4. Request is a write

?  There is no read-modify-write cycle for a read.

> In all other cases, buffered IO is performed as has been done before.
>
> A new flag is exposed to users through /proc/fs/nfsd/direct_io node. The
> default value of 1 results in the above behavior. Writing 0 to the node
> turns off the direct I/O completely, and forces NFS daemon to always use
> buffered IO (as it has done before). Writing 2 to the node tells NFS
> daemon to use direct I/O whenever possible, even if  requests are aligned
> at file system block boundary.
>
> In order to test the patch, the following have been done: I've deployed 2
> Linux machines with 3.0 kernel and my modifications. One acted as an NFS
> server, the other acted as an NFS client. NFS volume was mounted in sync 
> mode.
> Number of NFS daemons was increased to 64 in order to have higher chances
> of catching concurrency issues. Volume was formatted using ext4 file
> system. Volume was located on a hardware RAID10 array with 8 10K 450GB SAS
> drives. Raid adapter was HP P410i.
>
> 1. During first set of experiments, the client machine created a 200 GB
> file by writing to it. Then it performed the following access patterns:
> Read, random, (4K)
> Write, random, (4K)
> Read, sequential (4K)
> Write, sequential (4K)
> Read, sequential (4K, first access at 512 offset)
> Write, sequential (4K, first access at 512 offset)
> Read, sequential (32K)
> Write, sequential (32K)
> Read, sequential (32K, first access at 512 offset)
> Write, sequential (32K, first access at 512 offset)
> Read, sequential (256K)
> Write, sequential (256K)
> All accesses where done with keeping 64 outstanding IO requests on a
> client. I compared performance of the above patterns on vanilla Linux and
> Linux with my changes. All numbers (IOPS, latency) where the same for all
> cases except for random writes, where IOPS increase was 14 times.

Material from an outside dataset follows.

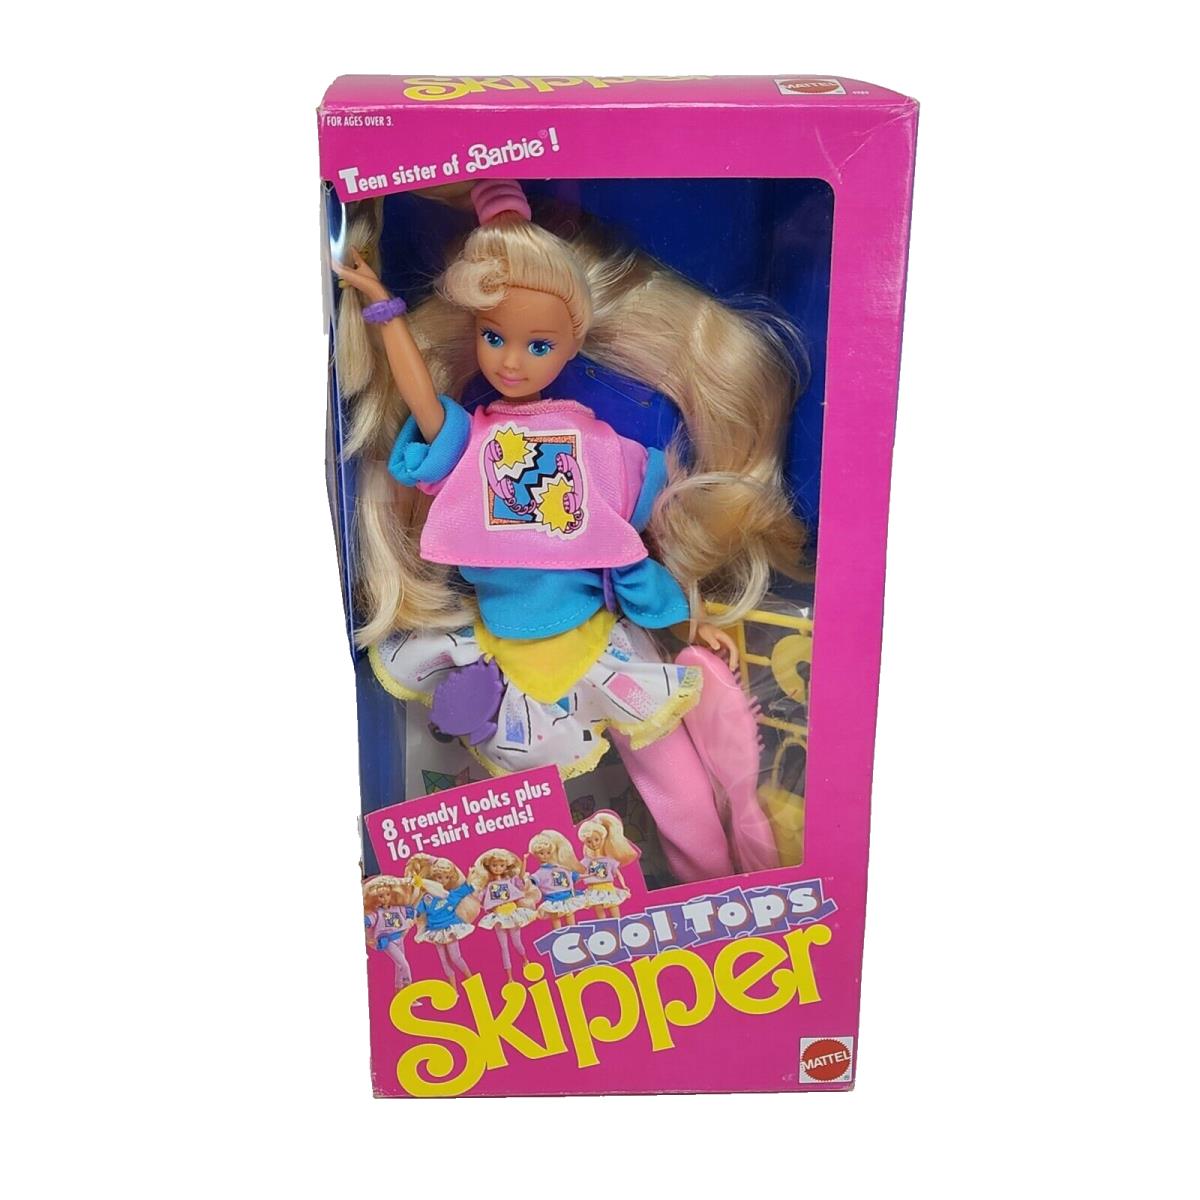 Vintage 1989 Cool Tops Skipper Barbie Doll 4989 Mattel IN Box

So you only tested the case where the file already exists on the file
system, is that right?  It would be a good idea to also test workloads
that create files.  In much the same vein, it would be a good idea to
run specsfs or other industry standard benchmark.

> In addition, I have done several correctness tests.
>
> 2. Allocated three 200GB files using (a) explicit writes to a file, (b)
> fallocate() system call, (c) seeking to the end of the file and writing
> one sector there.
> Then, did random and sequential writes to files. After that, I verified
> that files were indeed modified and contained the latest data. Test for
> each file ran for 2 hours.
>
> 3. Allocated 200GB file and started sequential reads to trigger read-ahead
> mechanism. Every 100 read operations, one file system unaligned write
> immediately after the current read position was requested in order to
> trigger a direct write. After that, read continued. All writes contained a
> predefined value, so that read can check for it. I have done this, in
> order to be sure that direct write correctly invalidates already in-memory
> cache.
>
>
> Current implementation performs synchronous direct I/O and may trigger
> higher latencies when NFS volume is mounted in asynchronous mode. In

It may also cause higher latencies for synchronously mounted file
systems.  It's never really a good idea to mix buffered and direct I/O.
In addition to exposing odd race conditions (which we think don't exist
anymore), each time you decide to perform direct I/O, you're going to
invalidate the page cache for the range of the file under I/O.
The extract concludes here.